06/05/2026
Managing the Medicine Bar has turned out to be one of the most unexpected spiritual practices of my life.
Apparently the Universe looked at all the areas where I thought, “Yep, got that lesson. Healed that one. Graduated from that curriculum,” and said, “That’s adorable.”
Today I’ve been processing the difference between self-serving and self-containment.
For years I’ve taught the importance of taking care of yourself. Put your own oxygen mask on first. Stop abandoning yourself. Learn how to honor your needs. All of that still feels true.
But life has a funny way of taking a teaching you understand intellectually and inviting you to live it at a much deeper level.
When you create something beautiful, people naturally want to gather around it. That’s what community is. That’s what we’ve hoped for. Christy LeCuyer built this space with such a generous heart. She wanted a place where people could land, connect, belong, and exhale. A place where wellness wasn’t exclusive or performative. A place where everyone was welcome.
And yet, if I’m being honest, I’ve noticed this protective instinct showing up in me.
I notice the moments when someone wants something from the space. From the business. From Christy.

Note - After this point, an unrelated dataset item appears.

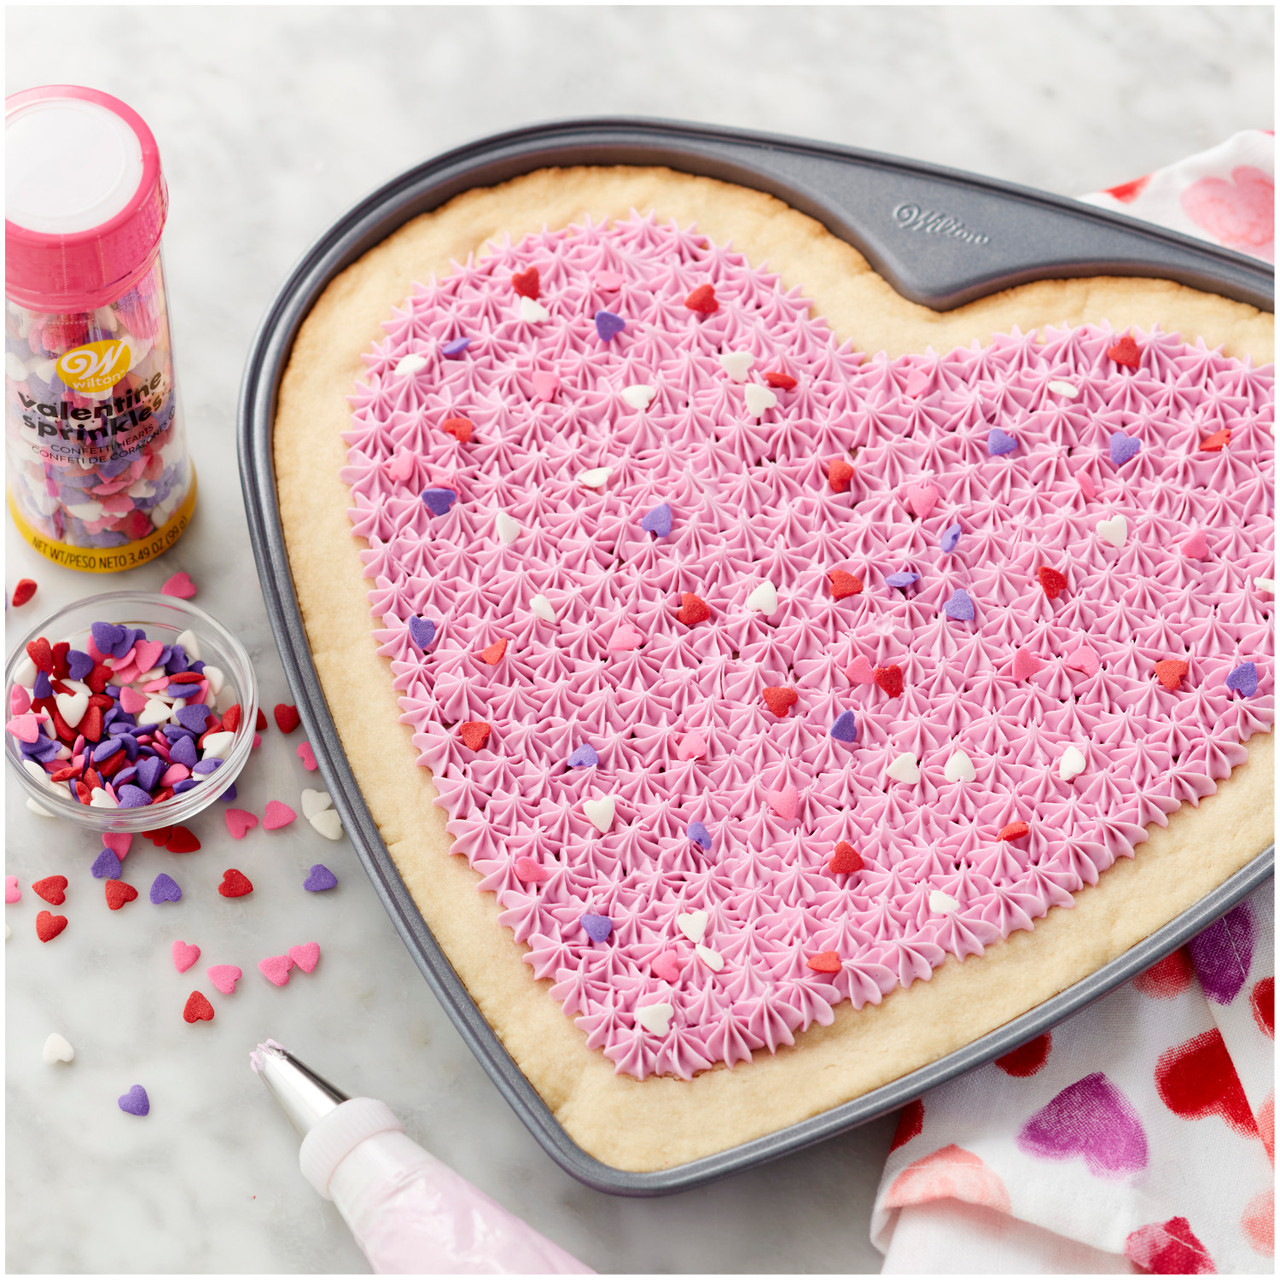 Wilton Valentine's Day Non-Stick Heart Shaped Mini Cake Pan, 6 cavity

From the energy we’ve poured into creating it.
I can feel myself tightening.
I start keeping score of withdrawals.
Who’s giving?
Who’s taking?
Who’s contributing?
Who’s consuming?
And that’s where things get interesting.
Because underneath that reaction is a question I’m still exploring:
Am I witnessing someone being self-serving?
Or am I being asked to become more self-contained?
Those are not the same thing.
Self-serving says, “How do I get what I need regardless of the impact on others?”
Self-contained says, “I can honor what I need without making someone else responsible for carrying it.”
One takes.
One stands on its own two feet.
And if I’m really honest, I can see both energies in myself at times.
Sometimes my protectiveness is wisdom.
Sometimes it’s fear.
Sometimes it’s discernment.
Sometimes it’s my own scarcity being activated.
The Medicine Bar keeps holding up the mirror.
Not to show me where I’m failing, but to show me where I’m still growing.
So, instead of asking whether someone else is taking too much, I’m trying to ask a different question:
Am I being self-serving right now, or am I simply learning how to contain myself?
It’s a much less comfortable question.
And probably a much more useful one.